The high performance of LGBM is due to the application of the “best-first” tree and histogram-based decision tree. XGBoost trained the model by increasing the size of the tree depth-wise, whereas LGBM adopts the “best-first” tree by growing the tree leaf-wise and limiting the depth-wise growth. The best-first helps to minimize the loss function rapidly but may lead to overfitting issues; LGBM prevents the tree depth and the splitting of the nodes.

CatBoost is another powerful GBDT-based algorithm that operates on two advanced algorithms, i.e., ordered boosting and techniques to handle categorical features. Through ordered gradient boosting techniques, it helps to reduce the biased gradient estimates and the overfitting issues. Categorical features are usually present in the credit scoring datasets. Normally, the hot-encoding technique is used to transform the categorical attributes into numeric values but it may lead to overfitting. CatBoost can easily handle the overfitting issue by converting these features to the gradient at each step.

#### 4. Empirical Study

In this section, the experimental setup is designed to evaluate the performance of the proposed credit scoring models. It includes the descriptions of three credit scoring datasets and performance metrics to evaluate the experimental results, and finally, the performance of the classifiers is analyzed using statistical tests. The experiments are implemented in Python 3.8 on a Jupyter notebook on a PC with Intel Core 4 CPU, 4GB RAM, and Windows 10 operating system.

##### 4.1. Credit Scoring Datasets and Experimental Settings

For the experimental analysis of different models, the three most commonly used credit scoring datasets were applied. These datasets are collected from the UCI ML repository^{1}, such as Australian, Japanese, and German datasets.
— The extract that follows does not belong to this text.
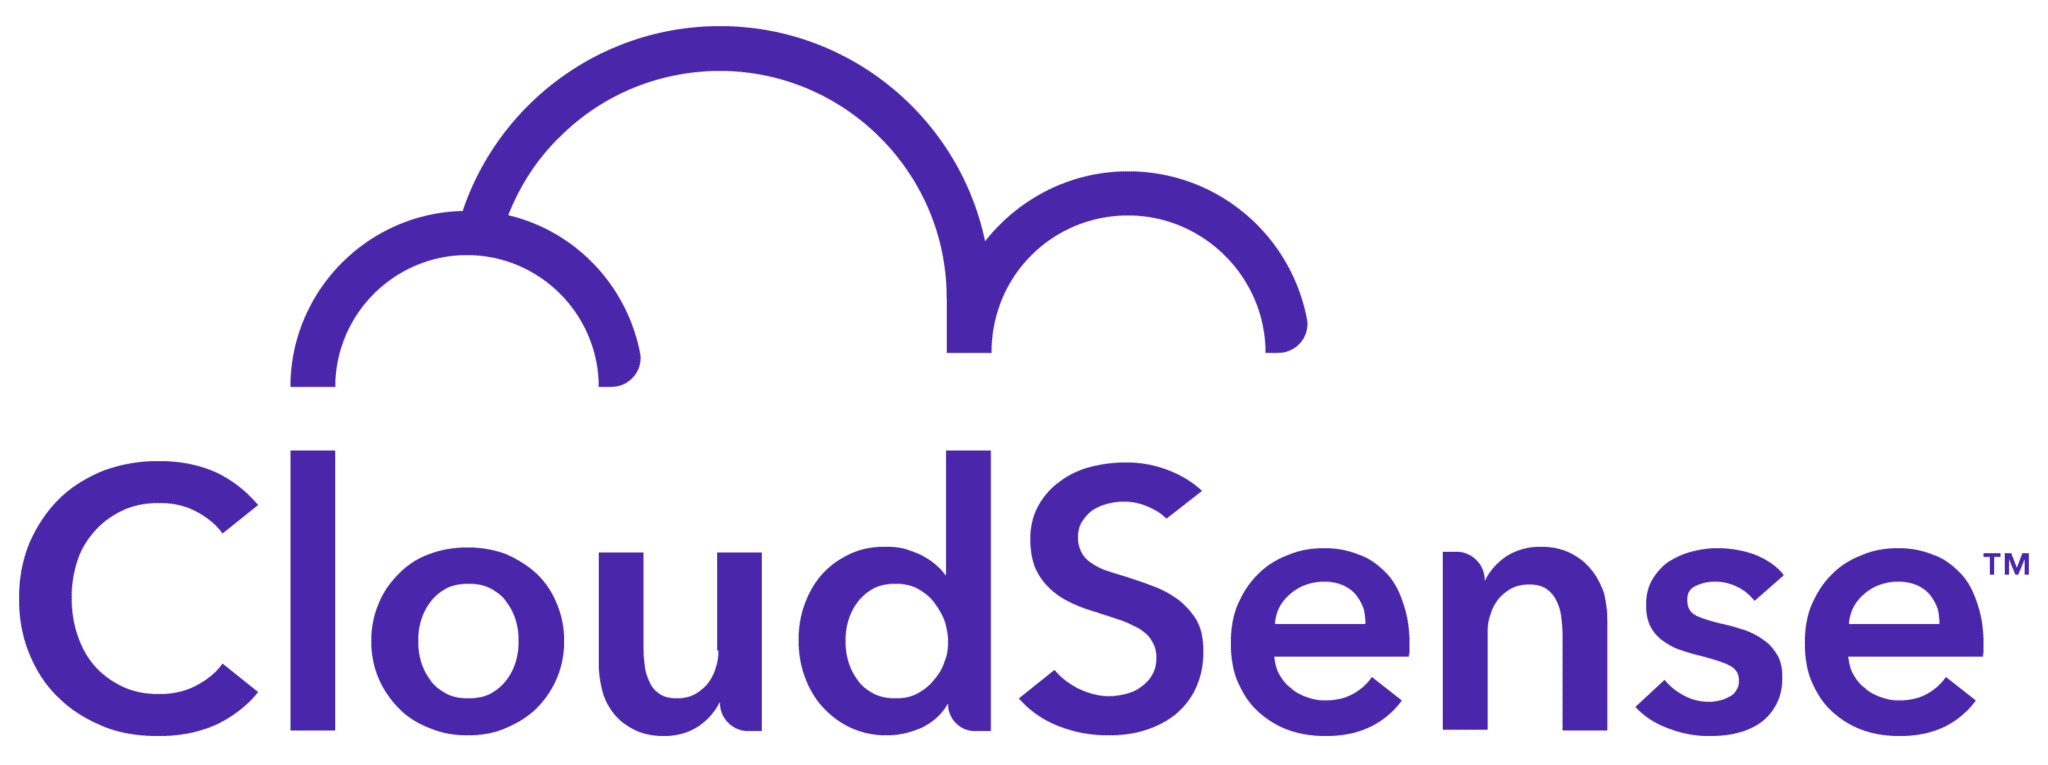 CloudSense logo
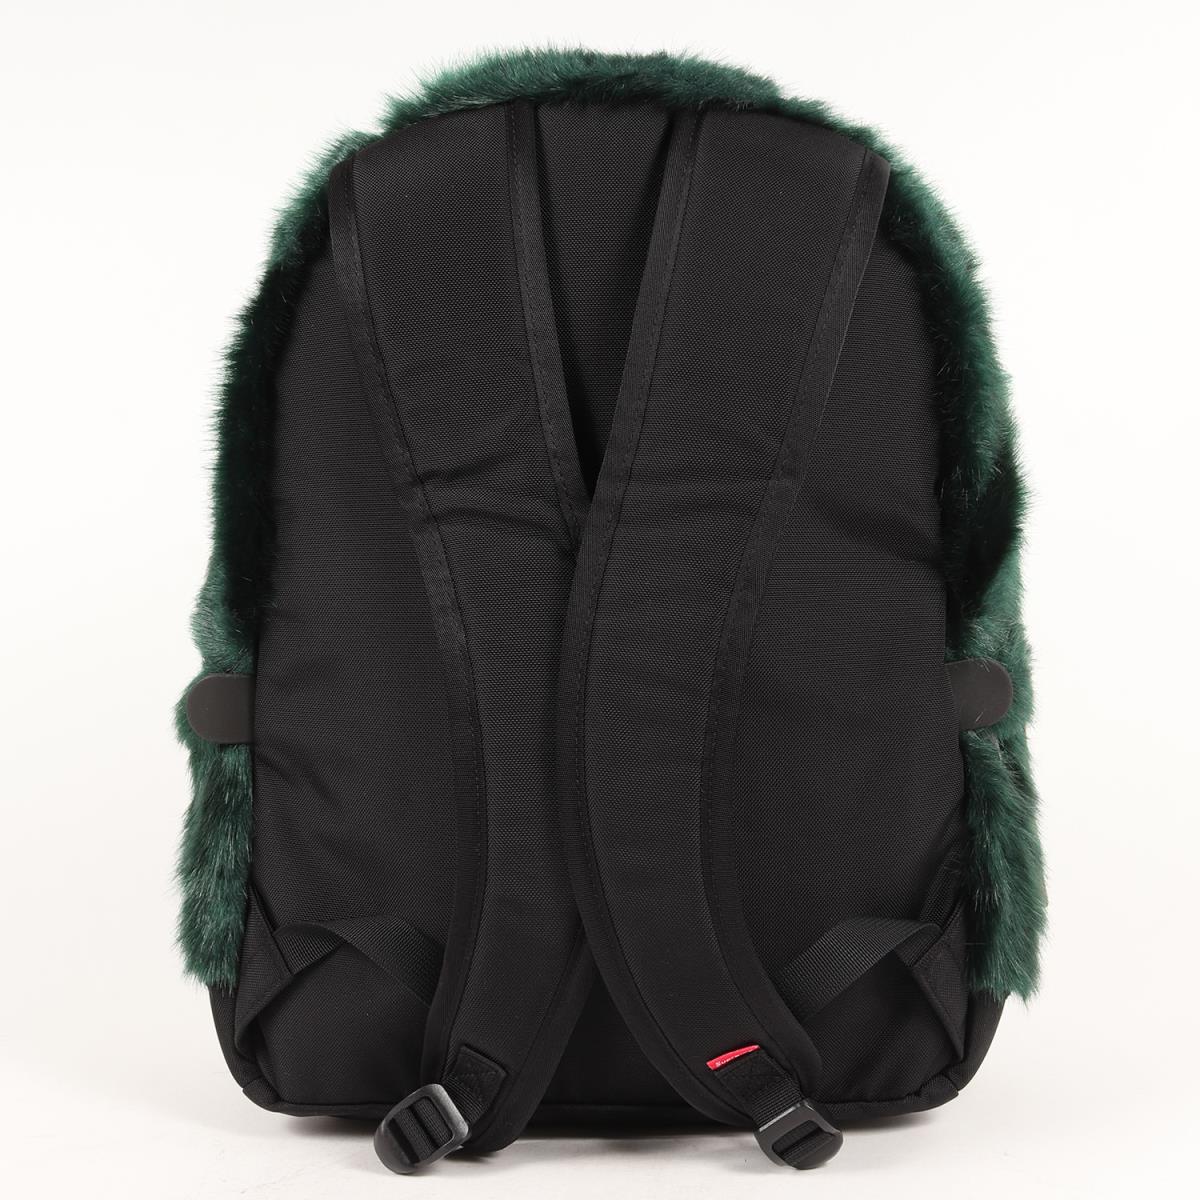 Supreme シュプリーム THE NORTH FACE ノースフェイス フェイクファー バックパック Fur Backpack 20AW グリーン 緑 カバン コラボ 【メンズ】【K3467】

Table 2 shows the brief descriptions of these datasets, and all these datasets are relatively small but contains the total data. The Australian credit dataset contains 690 instances, of which 307 are positive and the remaining 383 are negative, yielding an imbalance ratio (IR) of 1.25. Similarly, in the case of the Japanese dataset, the total number of samples is 690, with an imbalanced ratio (IR) of 1.25. The German dataset contains 1000 instances, out of which 700 are positive and 300 are negative, with a class distribution of 2.33. The “#instance” column represents the number of instances, the “#feature” column is the number of feature/attributes, “%Good” and “%Bad” column represents the percentage of good/positive and bad/negative applicants, and the IR column represents the imbalance ratio.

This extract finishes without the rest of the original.